I have got quite a good experience with C programming and I am used to think in terms of pointers, so I can get good performance when dealing with huge amount of datas. It is not the same with R, which I am still learning.
I have got a file with approximately 1 million lines, separated by a '\n' and each line has got 1, 2 or more integers inside, separated by a ' '. I have been able to put together a code which reads the file and put everything into a list of lists. Some lines can be empty. I would then like to put the first number of each line, if it exists, into a separated list, just passing over if a line is empty, and the remaining numbers into a second list.
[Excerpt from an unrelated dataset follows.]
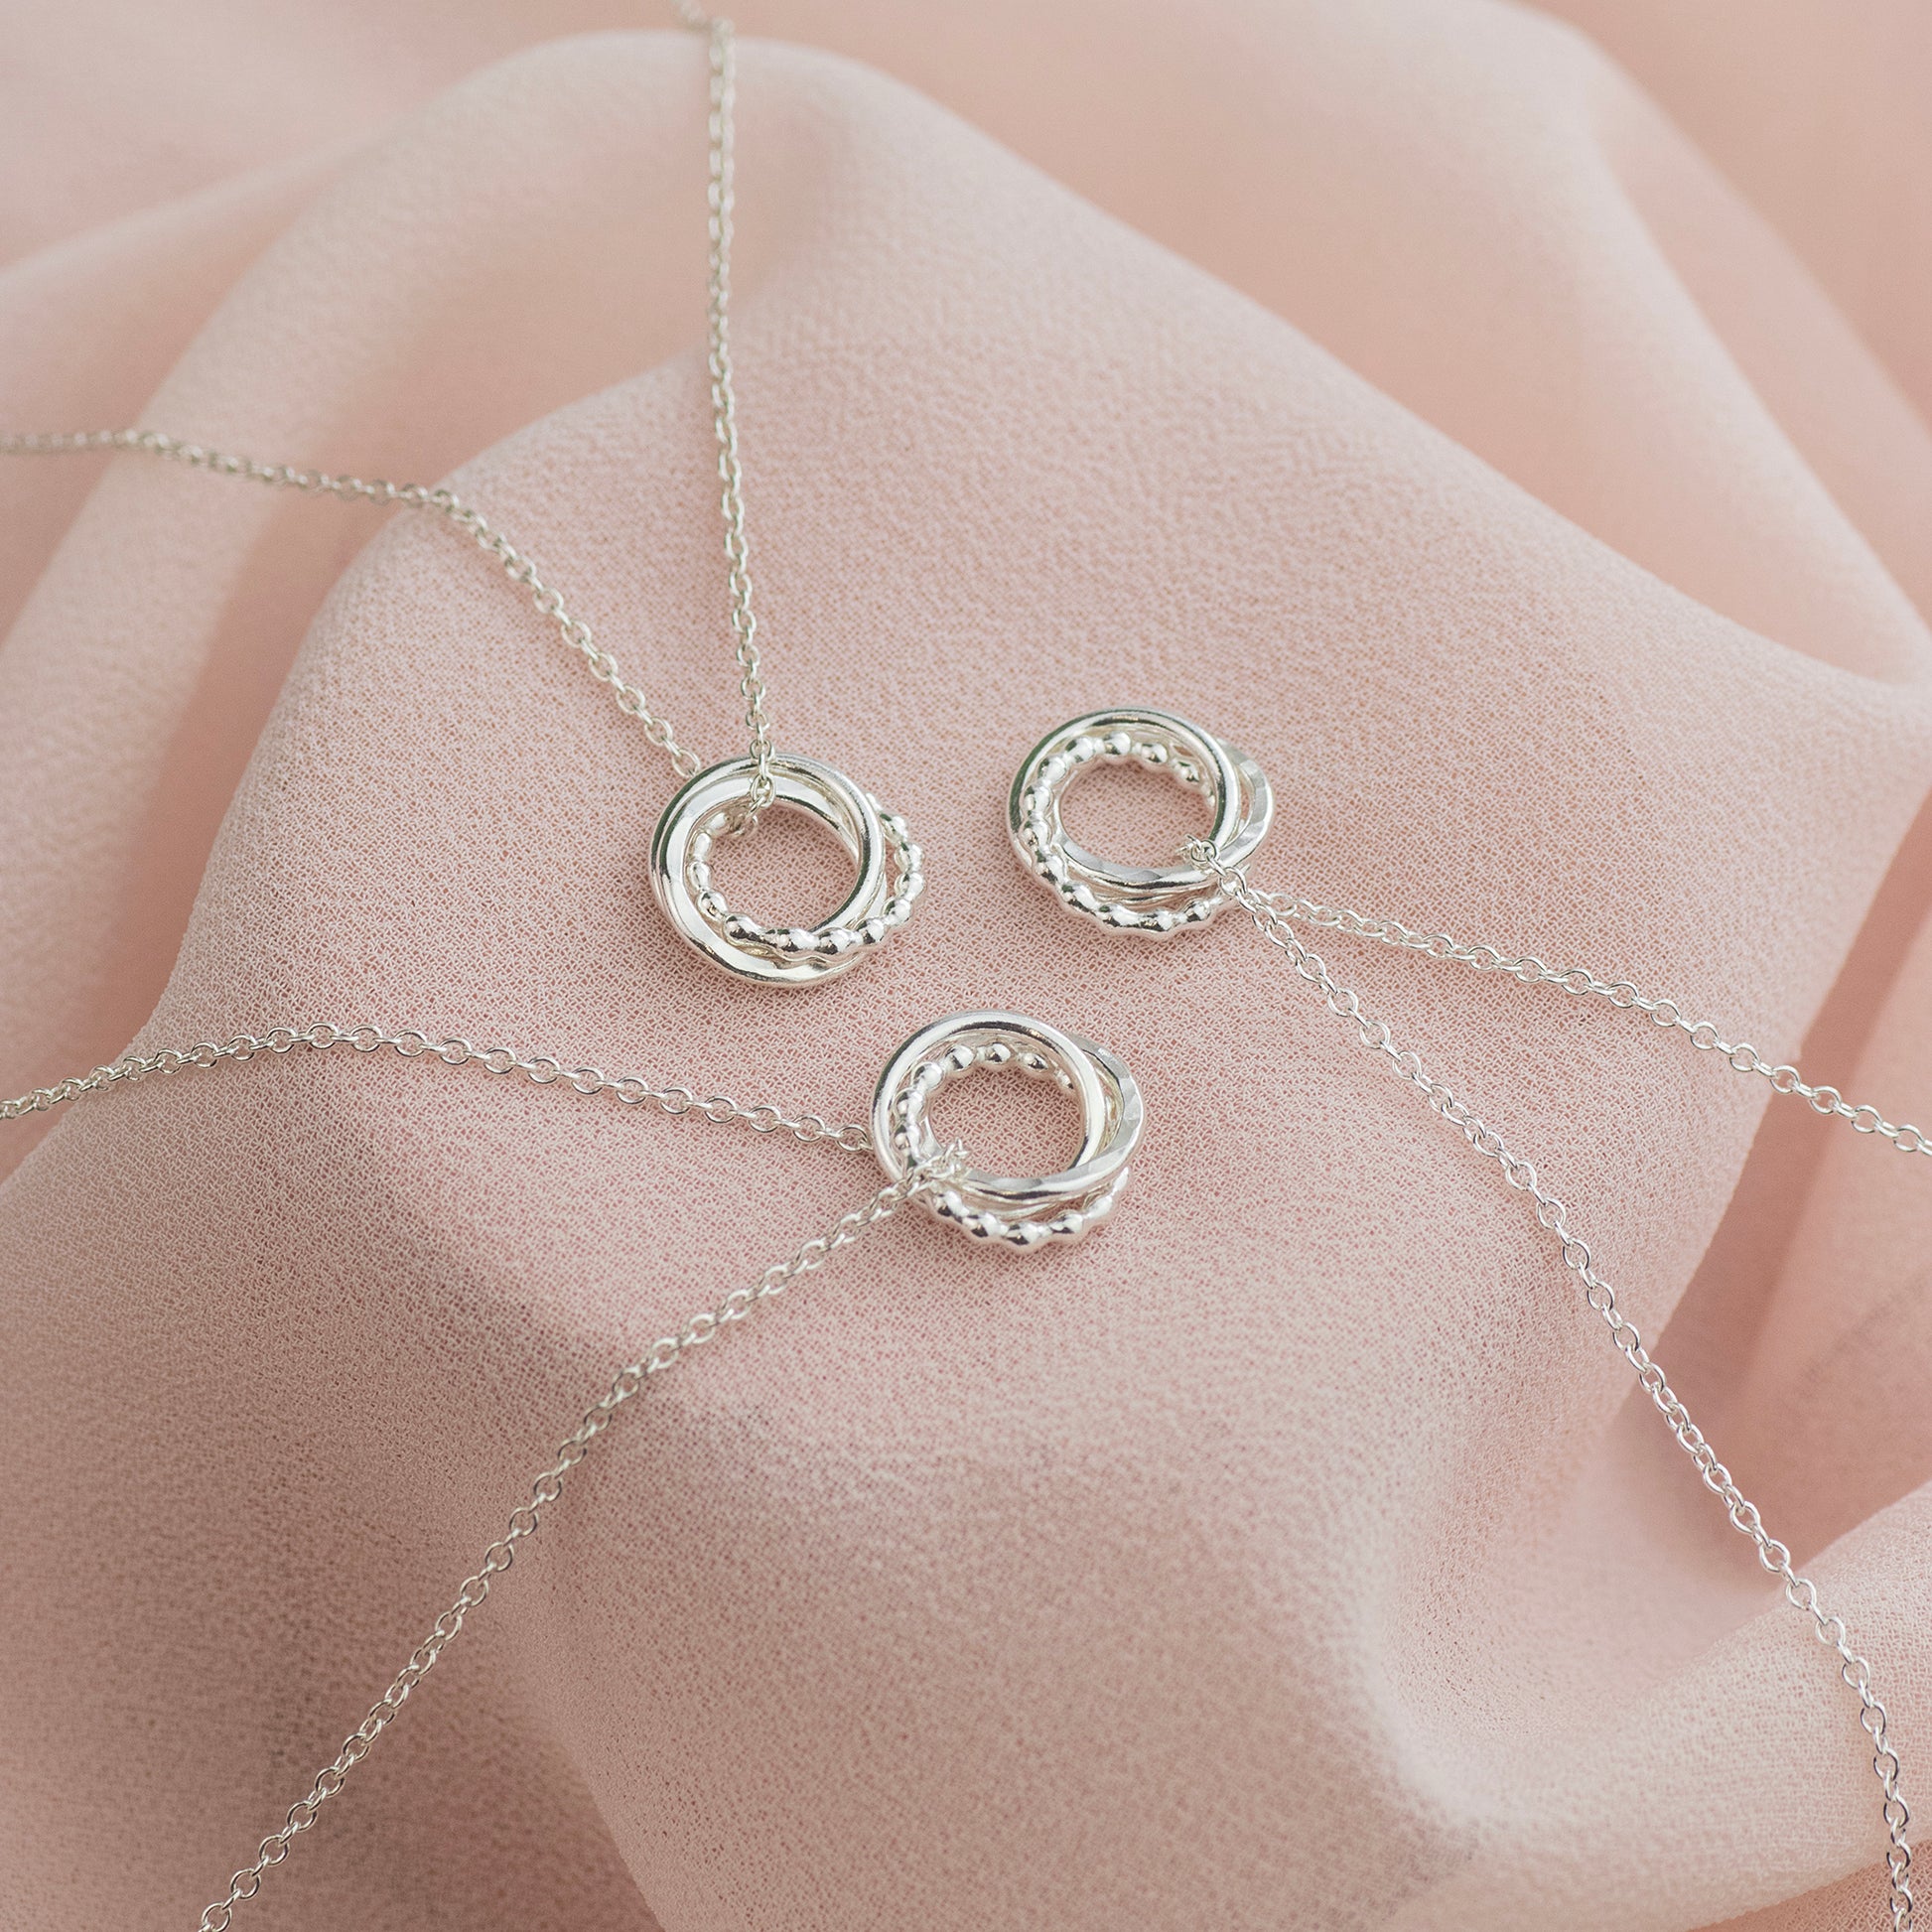 3 Cousins Necklaces Matching Set - Silver Love Knot Necklaces

The code I post here is terribly slow (it has been still running since I started wrote this question so now I killed R), how can I get a decent speed? In C this would be done instantly.
graph <- function() {
x <- scan("result", what="", sep="\n")
y <- strsplit(x, "[[:space:]]+") #use spaces for split number in each line
y <- lapply(y, FUN = as.integer) #convert from a list of lists of characters to a list of lists of integers
print("here we go")
first <- c()
others <- c()
for(i in 1:length(y)) {
if(length(y[i]) >= 1) {
first[i] <- y[i][1]
}
k <- 2;
for(j in 2:length(y[i])) {
others[k] <- y[i][k]
k <- k + 1
}
}
In a previous version of the code, in which each line had at least one number and in which I was interested only in the first number of each line, I used this code (I read everywhere that I should avoid using for loops in languages like R)
yy <- rapply(y, function(x) head(x,1))
which takes about 5 second, so far far better than above but still annoying if compared to C.
EDIT this is an example of the first 10 lines of my file:
42 7 31 3
23 1 34 5
1
-23 -34 2 2
42 7 31 3 31 4
1